Wednesday, December 15, 2010

Editor Emeritus

Gulf Stream isn't my literary magazine anymore (that is, I'm not it's Editor anymore), but its newest issue is online. So congrats to David, the current Editor! A new web designer, James, has taken over, so this will probably be the last issue that reflects the work that I did in making Gulf Stream an online journal in the first place. And in an even more important note, I'm extremely proud of how large Gulf Stream's staff has grown (if you go back to Issue #2, and then check #3 and then #4, you'll see that it's gotten larger every semester), which really says a lot for the work that we've done in the last three years to make Gulf Stream an important part of FIU's MFA program again. Enjoy!

Monday, December 13, 2010

Last Month in Creativity

Here's the video the Knight Foundation made of our Patti Smith intro:


Enjoy.

Monday, December 06, 2010

Idiopa(g)ean

These are three photos of our collaborative book project that Carol took and posted on Facebook, so I think they're safe to share here as well. It is called Idiopa(g)ean: a brok(op)en page-song. The books present a fractured poetic text with many possible ways of being read, intended to be interpreted aloud into a complete whole be each reader or group of readers that encounter it. Carol's guiding image for the design of the books was of a flock of ibis strolling through a South Floridian lawn, joined by an exotic scarlet ibis. I decided, two-thirds of the way through making it, that my poem, to me, was about love conquering capitalism, or vice versa.


One of the best and least anticipated aspects of the work
was the sound the pages made
when they were whipped up by the wind.



That's a (tired, oblivious) me sunning in the background.



"Aureate" is my fourth or fifth favorite "a" word.

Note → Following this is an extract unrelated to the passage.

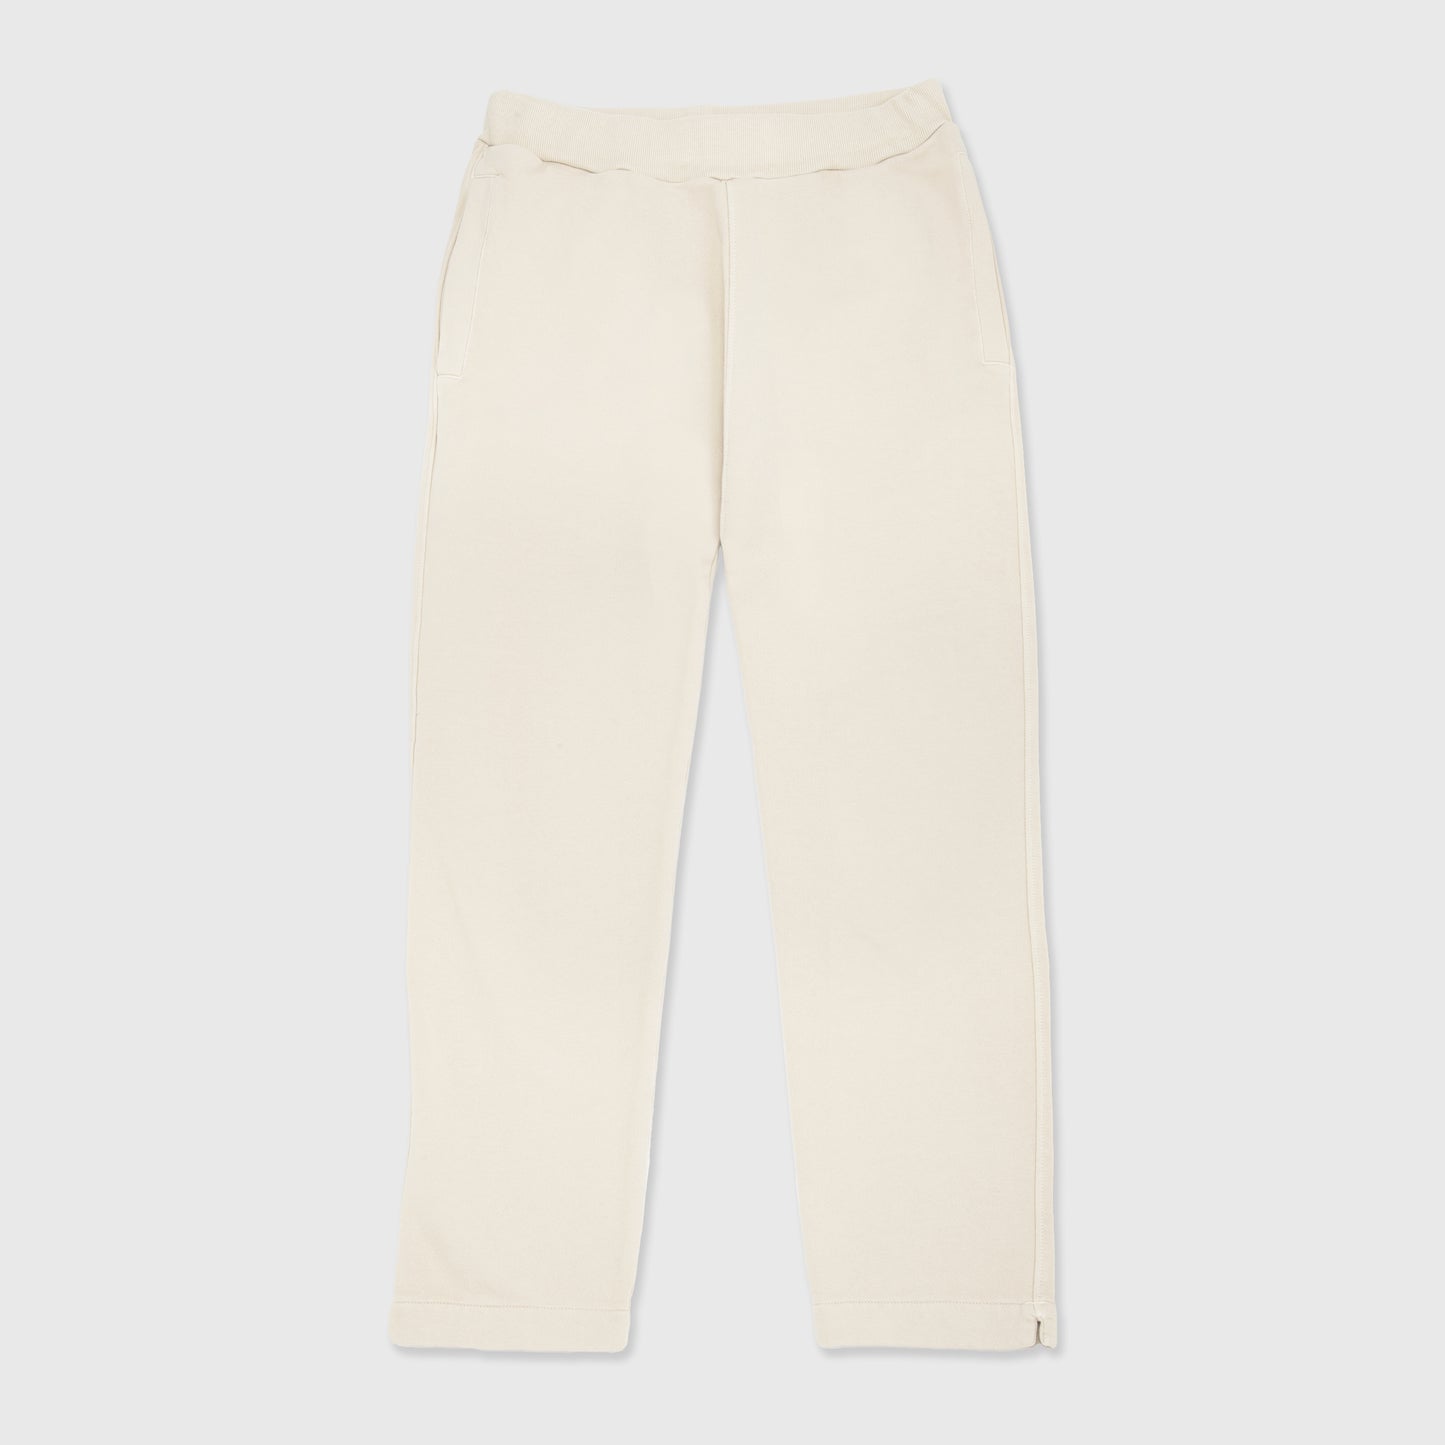 Cotton Fleece Sweatpants with Drawstrings Waistband Calce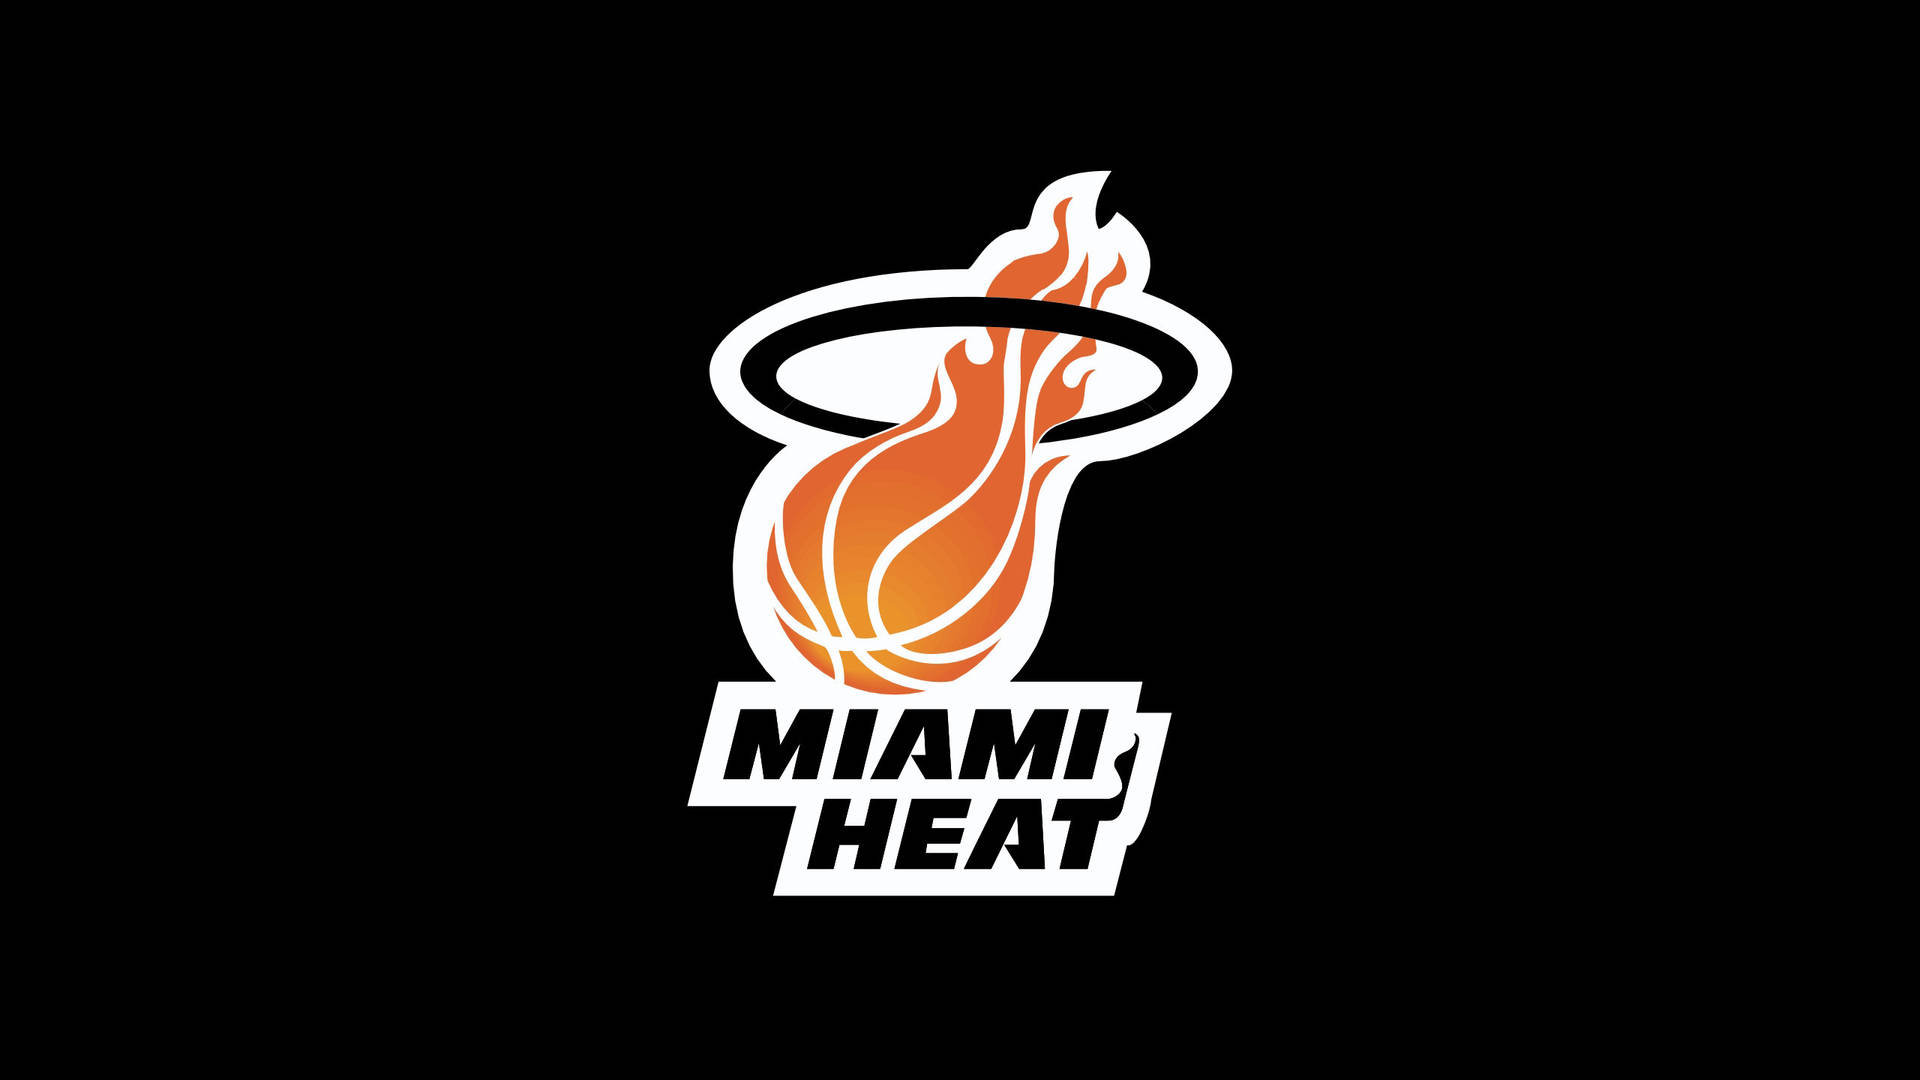 Miami Heat Poster

This Week in (Sports-Bumping) Creativity

Carol Todaro and I had a collaborative poetry-based installation on display at CasaLin during Art Basel Miami (for the second year in a row (this is what part of last year's looked like, if you've forgotten)) from Thursday through Sunday. It's a long poem written by me printed across eight books designed and hand-made by Carol (hand-printed (transferred) by both of us). Here's a blog that has a couple pictures of it, amongst the other pieces in the show with us.

Once I get some more pictures of it, I'll post them or share them somehow. But for now, that was the week that was.

(Also, Thursday night, went to see the Merce Cunningham Legacy Tour, which if it rolls through your town you should really go see (maybe I'll write about that more too).)

Sunday, December 05, 2010

Steelers 13, Ravens 10

No game stories online as of this typing, but: unbelievable, instant-classic football game. I haven't seen that amount of violence in a non-fictional football game before -- scarily so, in the shot to Heath Miller's head, sometimes just graphic as in the close-ups of what was happening to Roethlisberger's nose -- but just intense, well played on both sides, the big stars making huge plays. Polamalu gets a lifetime achievement award in haunting Joe Flacco's dreams with that karate-chop forced fumble in the fourth quarter, adding to his C.V. from the '08 season AFC Championship. Just unbelievable. That game doesn't usually happen in real life.